Information supplied below:

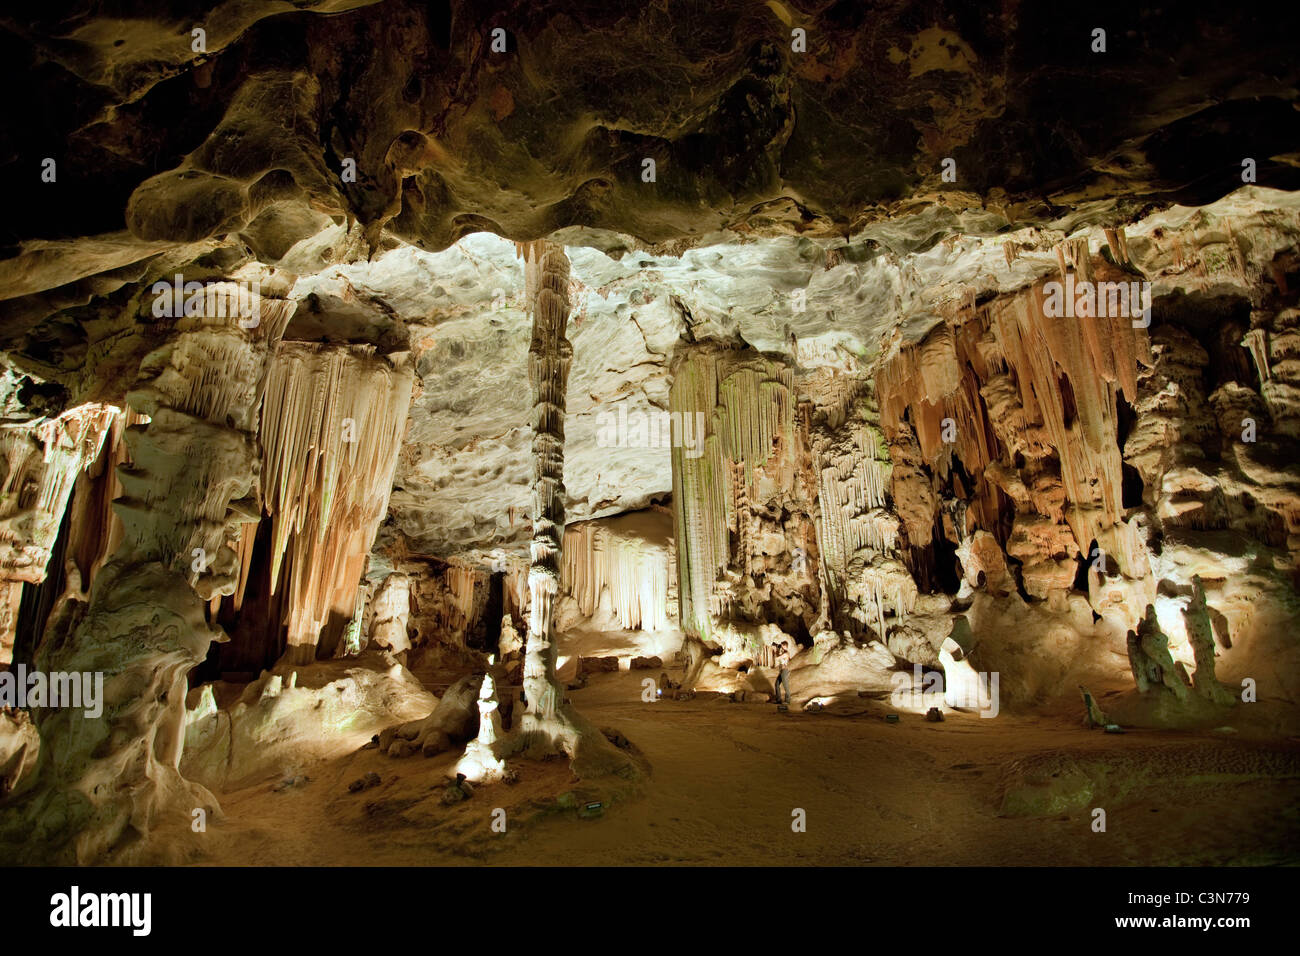 South Africa, Western Cape, near Oudtshoorn, Cango Caves. Stock Photo
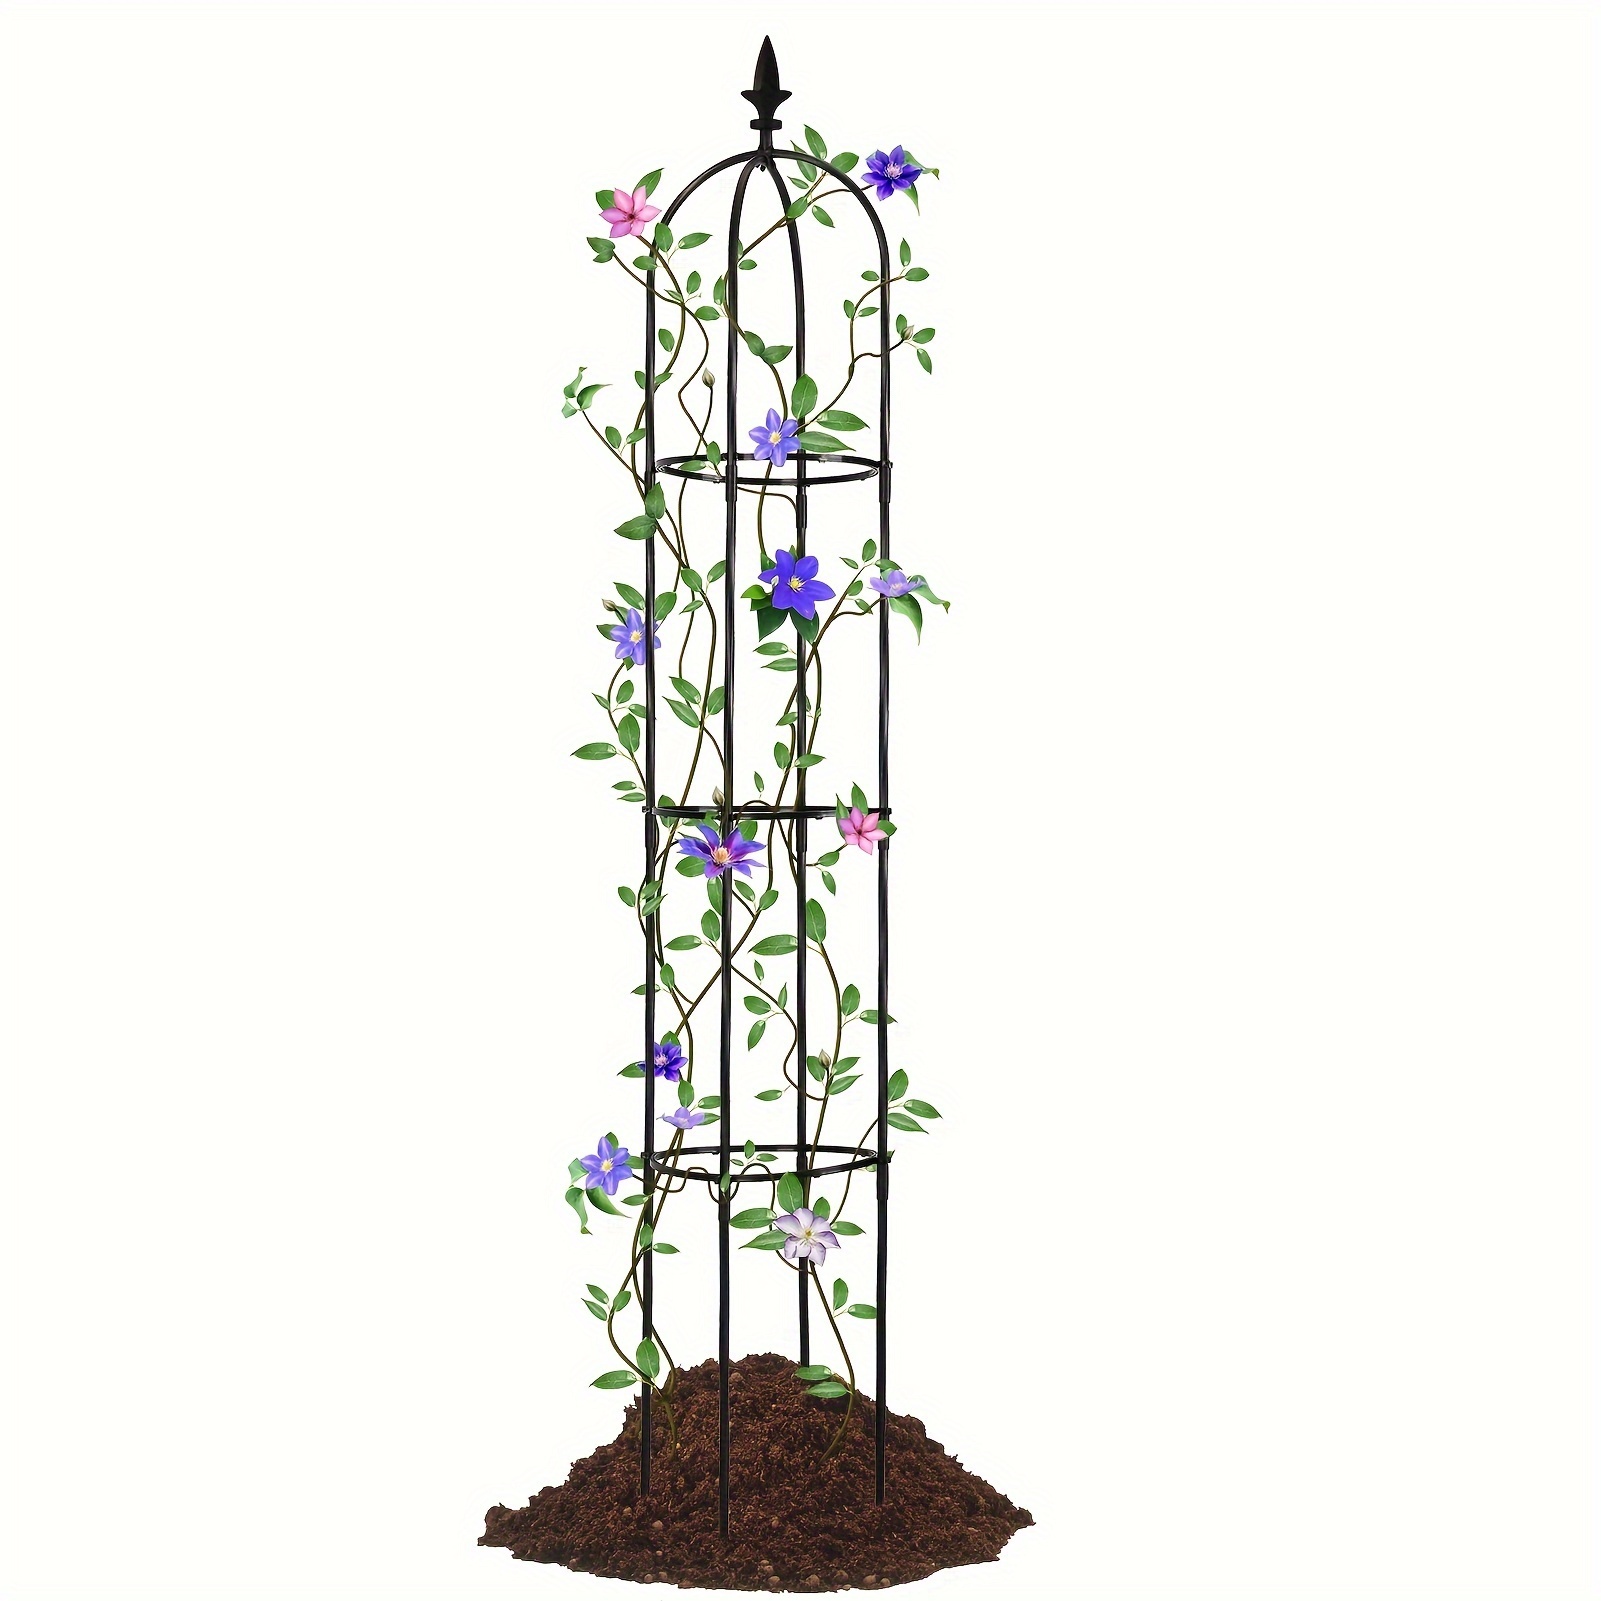 

1 Pcs Garden Obelisk Trellis For Climbing Plants Outdoors, 67 Inch Rustproof Plant Stand Climbing Support With Adjustable Heights For Indoor Potted Plants, Vines, Flowers Stands, Vegetables
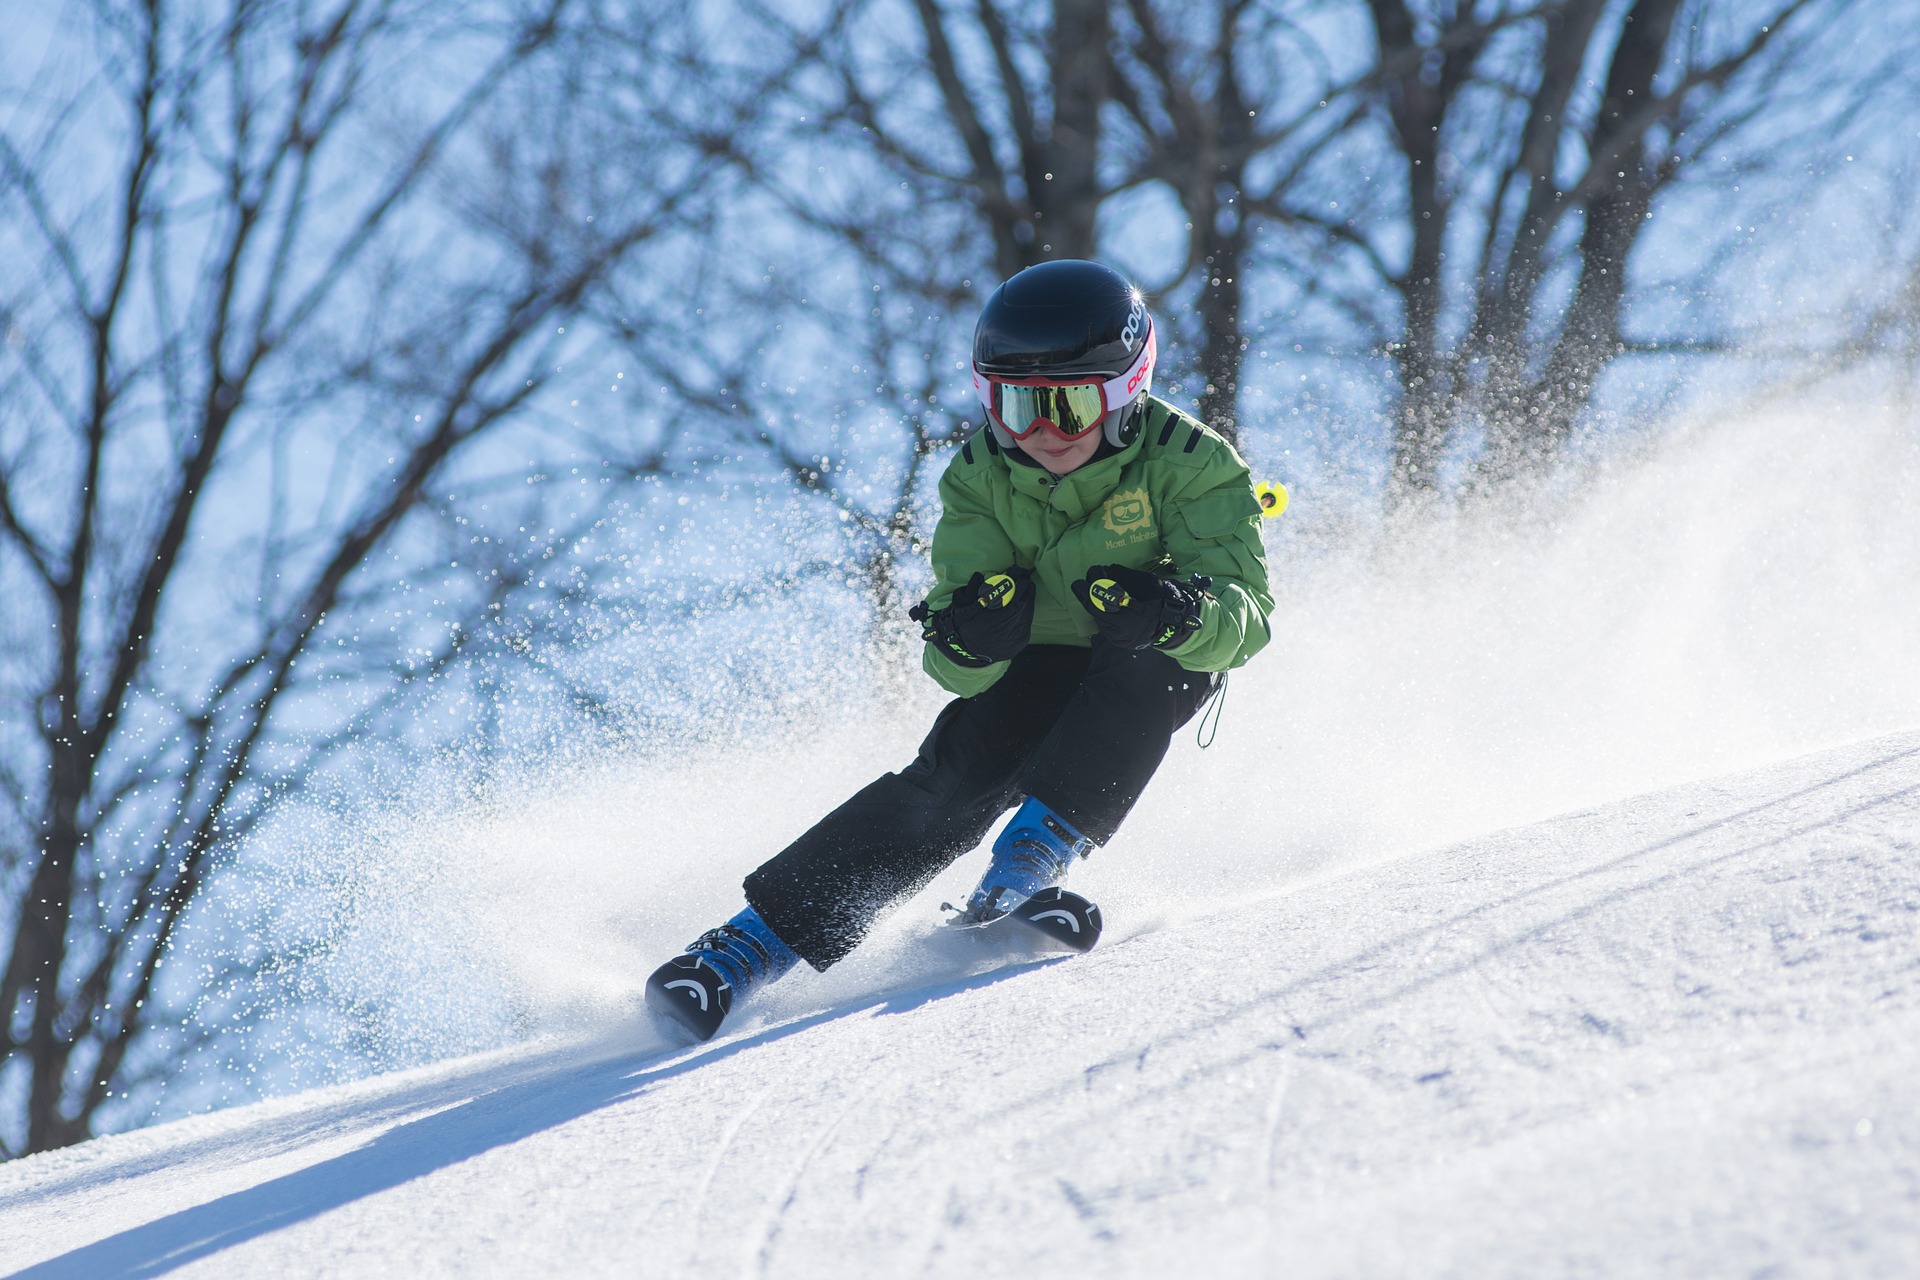 Mountain Creek is fun option for the whole family, with skiing, tubing, and biking activities. 
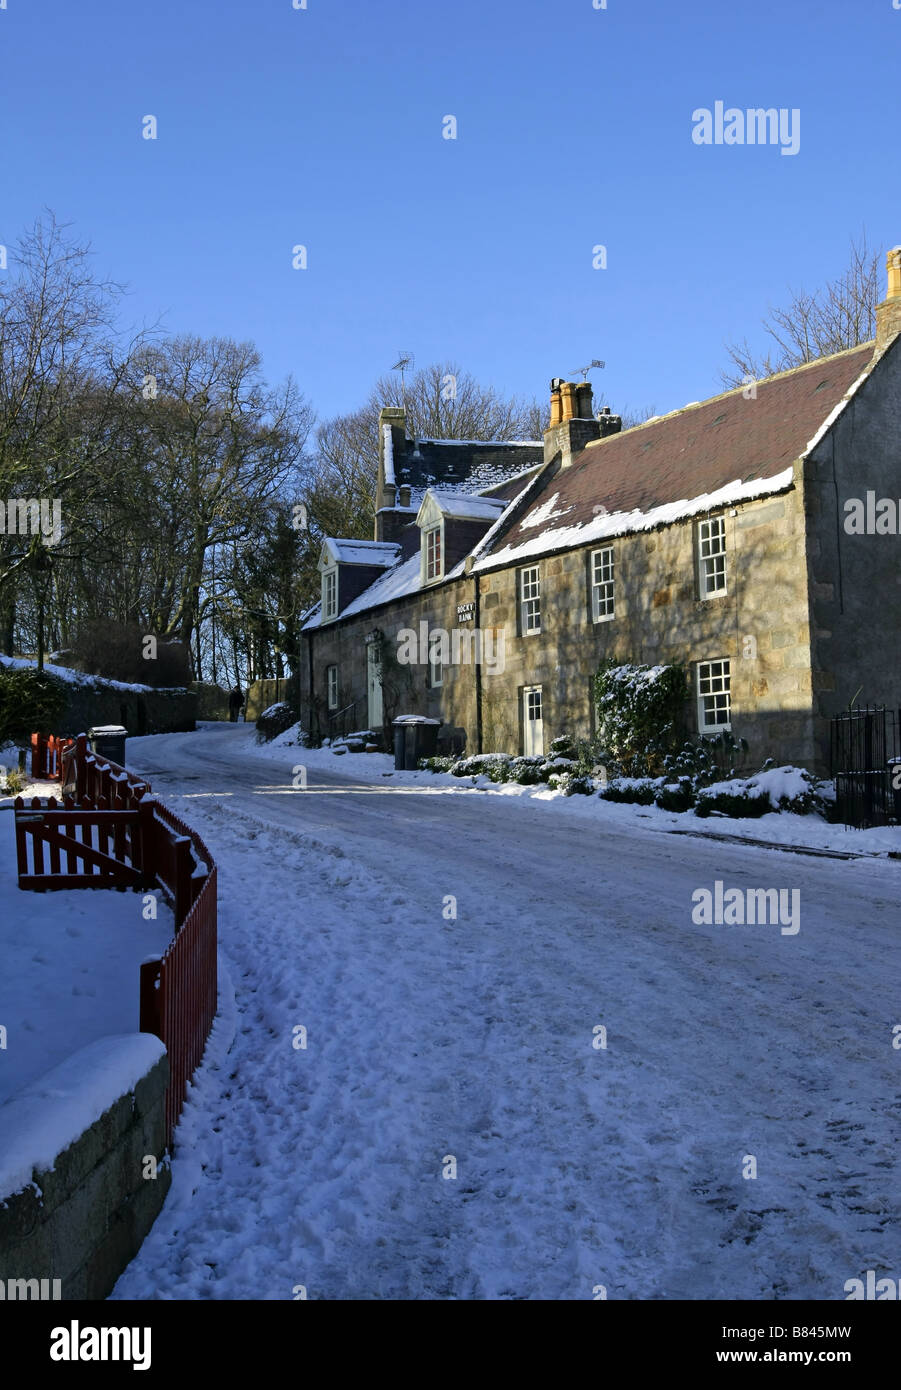 Houses at the Bridge of Balgownie in Old Aberdeen in Aberdeen, Scotland, UK, seen covered in snow and ice during winter Stock Photo
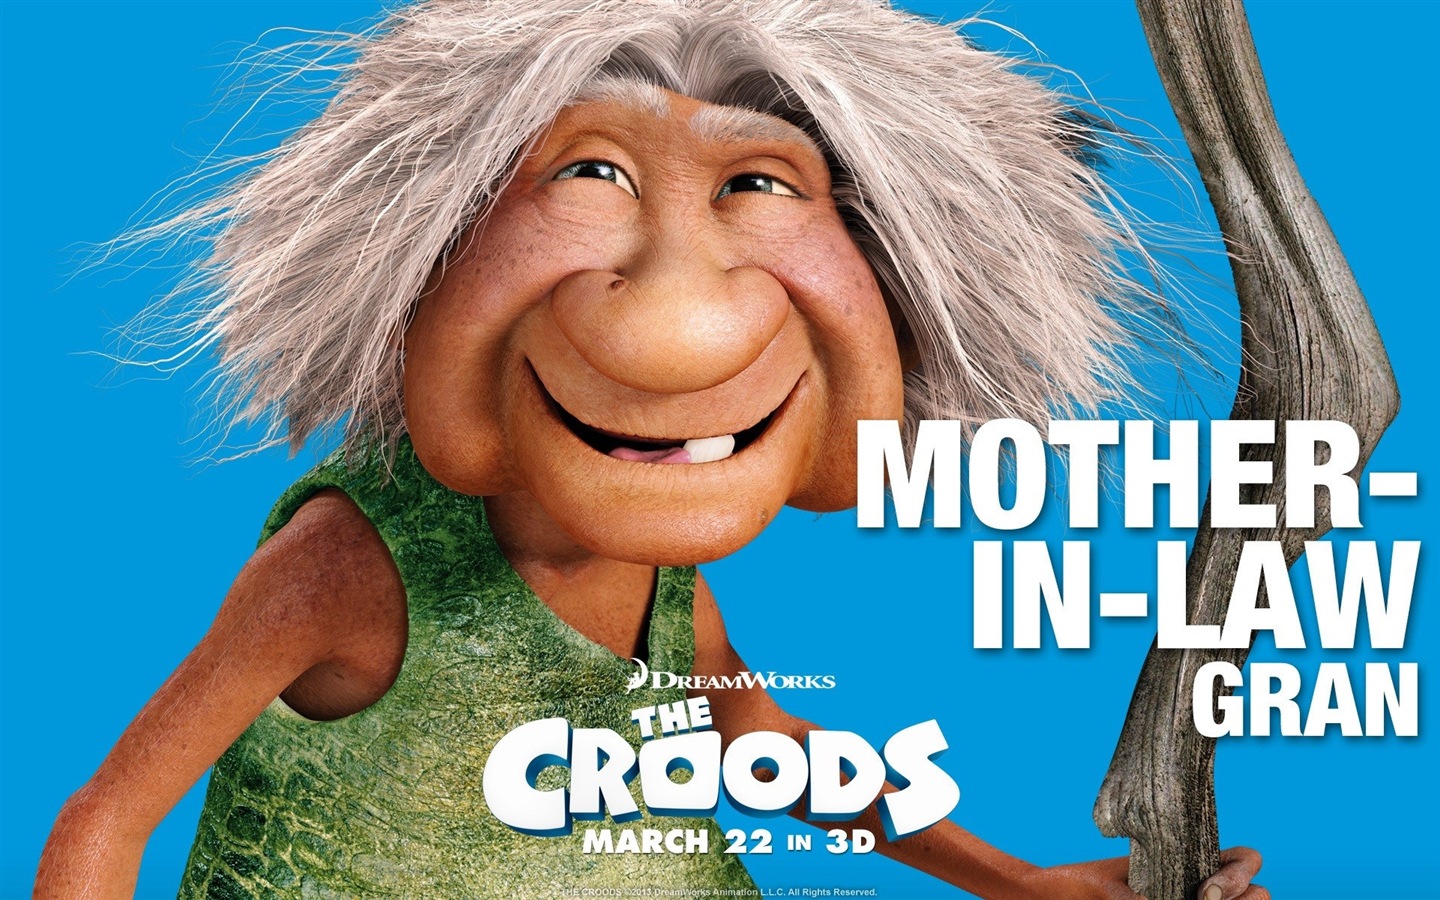 V Croods HD Movie Wallpapers #6 - 1440x900

End of Information supplied.

What you will do:
Output exactly those lines of the data above that run from the line with "1 Pcs Garden" up to and including the line with "Mountain Creek is". No pictures go in.

Response to the task:
1 Pcs Garden Obelisk Trellis For Climbing Plants Outdoors, 67 Inch Rustproof Plant Stand Climbing Support With Adjustable Heights For Indoor Potted Plants, Vines, Flowers Stands, Vegetables
 Mountain Creek is fun option for the whole family, with skiing, tubing, and biking activities. 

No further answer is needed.